The Institute of Geodesy and Navigation maintains a variety of scientific instruments and has its own GNSS/INS Laboratory ("Geodaetische Messkuppel"). The tasks of the Laboratory comprise practical tests, permanent and field measurements as well as experiments related to the various research projects.

The broad range of GNSS equipment available at the Institute can be divided into static/permanent, field and real-time kinematic receivers. A GPS Reference Station is operated as aid for several projects using a dual-frequency Ashtech Z-Sensor together with a choke ring antenna having a highly stable antenna phase centre by its Dorne Margoline dipole elements. Other receivers like the NovAtel MiLLennium OEM3 (L1/L2 and WAAS/EGNOS) and OEM4 can be easily set up for reference station tasks, and European Septentrio PolaRx 2-frequency receivers (L1/L2, WAAS/EGNOS) are currently in the evaluation process as reference receivers. Most of these devices can also be set up for field campaign jobs and, additionally, Trimble 4000 SSE receivers with integrated data logging can be employed for such tasks. Finally, several receiver pairs are capable of  Real-Time Positioning in range- or carrier phase-differential mode, e.g. the SAPOS-enabled Trimble 5800 Rover or the NovAtel OEM4-RT and the NAVCOM NCT-2000D offering a high accuracy of 5 to 10 mm. Data communication is either realized via the University Intranet by fibre optic wire or via wireless telemetry links. Several Telemetry Systems are available in order to enable real-time positioning. A wide-range system (25 W transmission power, transmission frequency near 400 MHz, up to 80 km transmission range) and several short-range systems (1 mW up to 1 W, spread spectrum systems at 900 MHz and conventional telemetry at 400 MHz) are in use. Moreover, a wireless local area network with several access points (roaming capabilities included) at a frequency of 2.4 GHz is used to provide network communications where no wire-LAN is available.

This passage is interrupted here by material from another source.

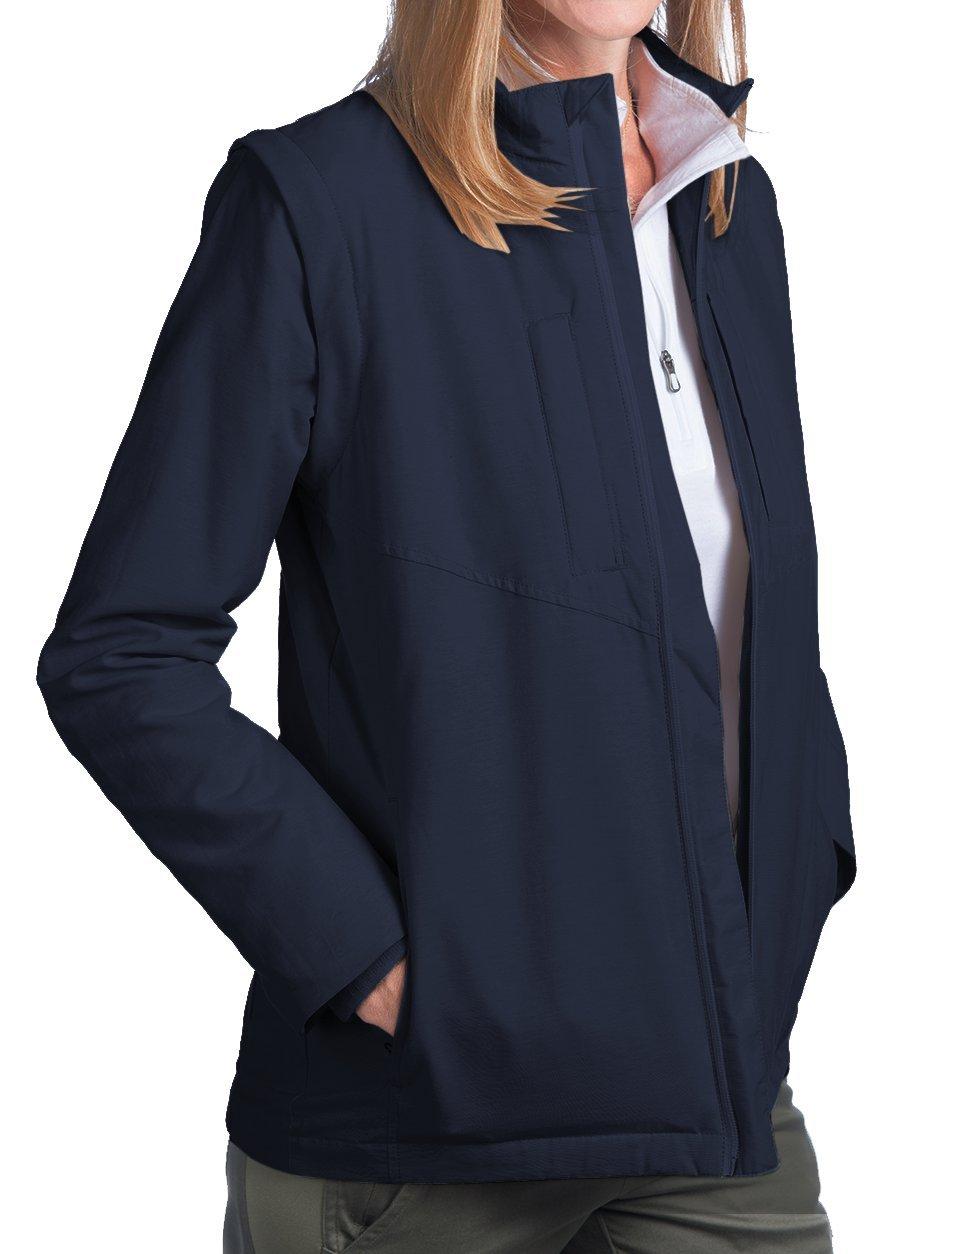 SCOTTeVEST Women's Standard Jacket - 25 Pockets - Travel Clothing (Small, Navy)

The Institute owns a L1 GPS Hardware Simulator STR 4760 of GSS (Global Simulation Systems, now Spirent) that is used for simulation tests as well as for the receiver calibration (e.g. inter-channel biases). The pseudolite group of the institute working on precise landing approaches is supported by a Pseudolite System of Stanford Telecom (prototype system, C/A code-based) and an IntegriNautics IN500 (P code-based) which both aid in the flight experiments conducted by the group. The research group on GPS/INS integration carries out experiments using several Attitude and Heading Reference as well as Inertial Navigation Systems like the Systron Donner MotionPack and the Boeing DQTS, the medium-precise Litton LN200 (fiber-optic gyros and micro-mechanical accelerometers) and the precise Sagem SIGMA (3 laser gyros with a drift of only 0.001 degrees per hour). 3-axis Turn Tables are available at the institute's laboratory and serve for the calibration of inertial and attitude sensors.

Permanent observation of stationary and time varying parts of the gravity field is possible with the ASKANIA Earth-Tide Gravity Meter. A relative LaCoste & Romberg gravity meter and a Scintrex CG-5 Autograv are available for field surveys. Precise time determination and time transfer, GPS time receiver and a precise cesium time reference standard are available. The Astronomical Station is located on the roof of the laboratory building. It allows star field observations and by use of a CCD star camera and proper image processing software, the derivation of astronomical positions and - together with the ellipsoidal coordinates collected by GPS-techniques - deflections of the vertical can be computed.